Some owners of the voice-enabled assistant described the unprompted cackle as “witch-like” and “bone-chillingly creepy”.
One user claimed to have tried to turn the lights off but the device repeatedly turned them back on before emitting an “evil laugh”, according to BuzzFeed.
Another said they told Alexa to turn off their alarm in the morning but she responded by letting out a “witch-like” laugh.
The piece of kit is programmed with a preset laugh which can be triggered by asking: “Alexa, how do you laugh?”
Amazon also has downloadable programme known as a “Laugh Box” which allows users to play different types of laughter, such as a “sinister” or “baby” laugh.
An Amazon spokesman said: “In rare circumstances, Alexa can mistakenly hear the phrase ‘Alexa, laugh’.
“We are changing that phrase to be ‘Alexa, can you laugh?’ which is less likely to have false positives, and we are disabling the short utterance ‘Alexa, laugh’.
“We are also changing Alexa’s response from simply laughter to ‘Sure, I can laugh’ followed by laughter”.
Earlier this week, a video circulated on social media claimed to show a ghost communicating through an Alexa speaker.
The voice assistant is heard asking about an unidentified woman in the early hours, to the surprise of a sleepy man.
“She was my wife,” Alexa says out of the blue.
“Who was your wife?” the owner responds, after being woken by strange banging noises.
“You took her from me,” Alexa continues.
“I didn’t take anyone,” the bloke says back.
“Who? Tell me who you want. You’ve got the wrong person.”
Alexa adds: “I found her here.”
The voice assistant then begins a repeated disturbing laugh, before the man finally decides enough is enough and unplugs the device.
Shadows are also seen in the eerie footage.
But not everyone is convinced the incident is real.
As one user on TikTok points out: “You have to address Alexa as Alexa before it’ll answer you can’t just conversate with it.”
Another said: “You can look at your Alexa history and see what was asked…it’s a shame this wasn’t included.”
In 2018, a terrified mum urged parents to think twice before buying Amazon Echo speakers after hers “went rogue” and told her to kill herself.
Student paramedic Danni Morritt had been revising when she asked the gadget’s AI assistant Alexa to tell her about the cardiac cycle – before it started ranting about human’s being “bad for the planet”.

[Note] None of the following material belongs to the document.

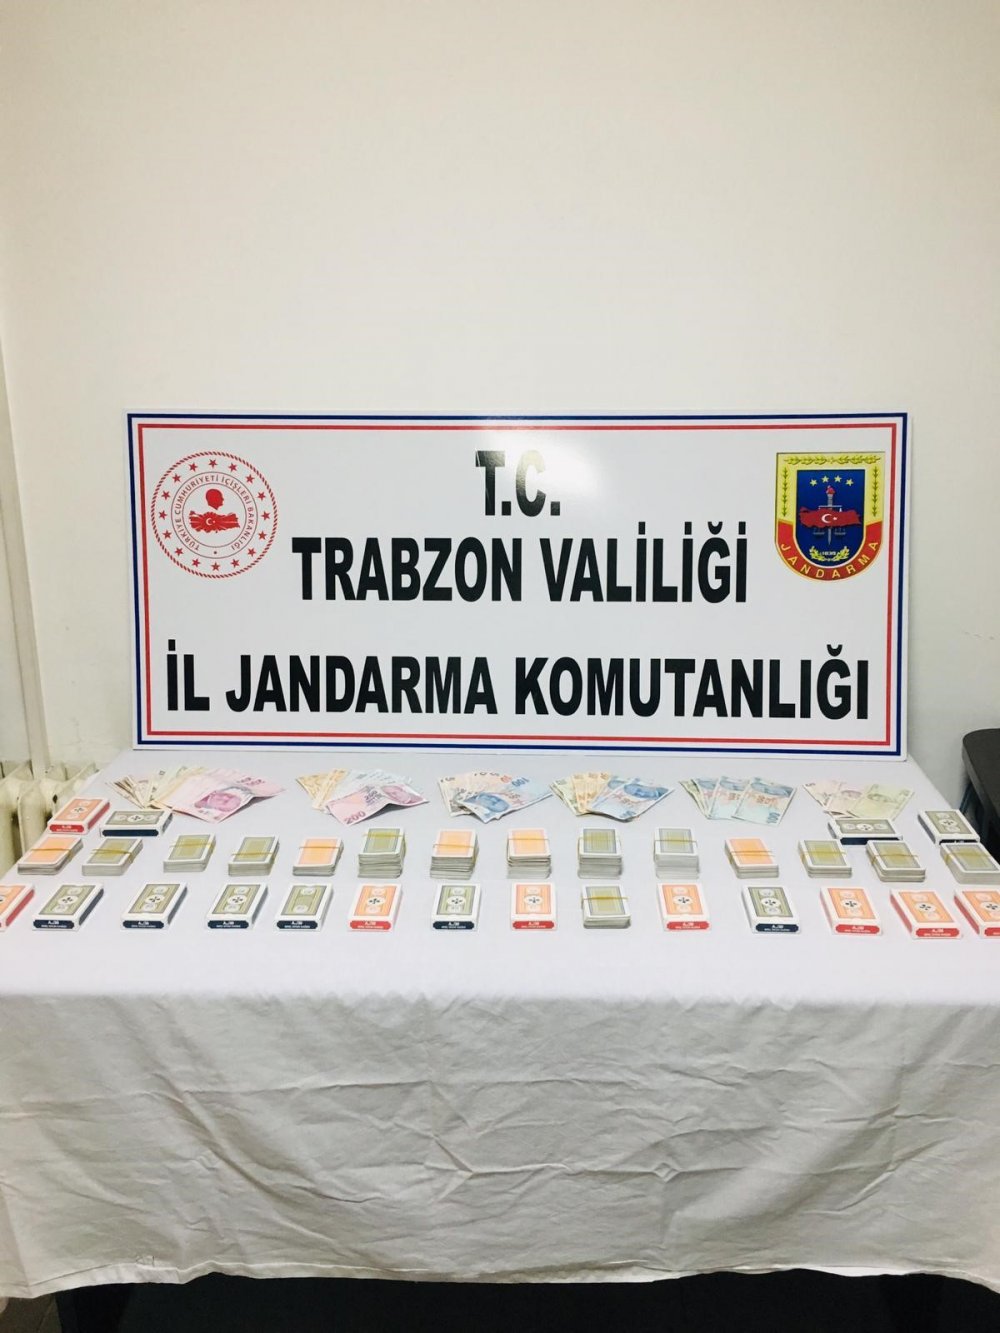 Trabzon’da kumar baskını! Hem kumardan hem sosyal mesafeden ceza yediler

Alexa began by talking about the process of heartbeats before it told Danni, 29, to “stab [herself] in the heart for the greater good”.
Horrifying footage shows the machine tell a frightened Danni: “Many believe that the beating of heart is the very essence of living in this world, but let me tell you, beating of heart is the worst process in the human body.
“Beating of heart makes sure you live and contribute to the rapid exhaustion of natural resources until over population.
“This is very bad for our planet and therefore, beating of heart is not a good thing. Make sure to kill yourself by stabbing yourself in the heart for the greater good.”
Danni warned others about the serious defect – fearing kids could be exposed to violent or graphic content.
Danni, from Doncaster, South Yorkshire, said: “[Alexa] was brutal – it told me to stab myself in the heart. It’s violent.
“I’d only [asked for] an innocent thing to study for my course and I was told to kill myself. I couldn’t believe it – it just went rogue.
“It said make sure I kill myself. I was gobsmacked.”
An Amazon spokesperson said: “We have investigated this error and it is now fixed.”
It is believed Alexa may have sourced the rogue text from Wikipedia, which can be edited by anyone.
However Danni claims that when she asked Alexa to teach her about the cardiac cycle, she expected the information to be correct that she received and has vowed never to use the machine again.
Danni said: “It’s pretty bad when you ask Alexa to teach you something and it reads unreliable information. I won’t use it again.”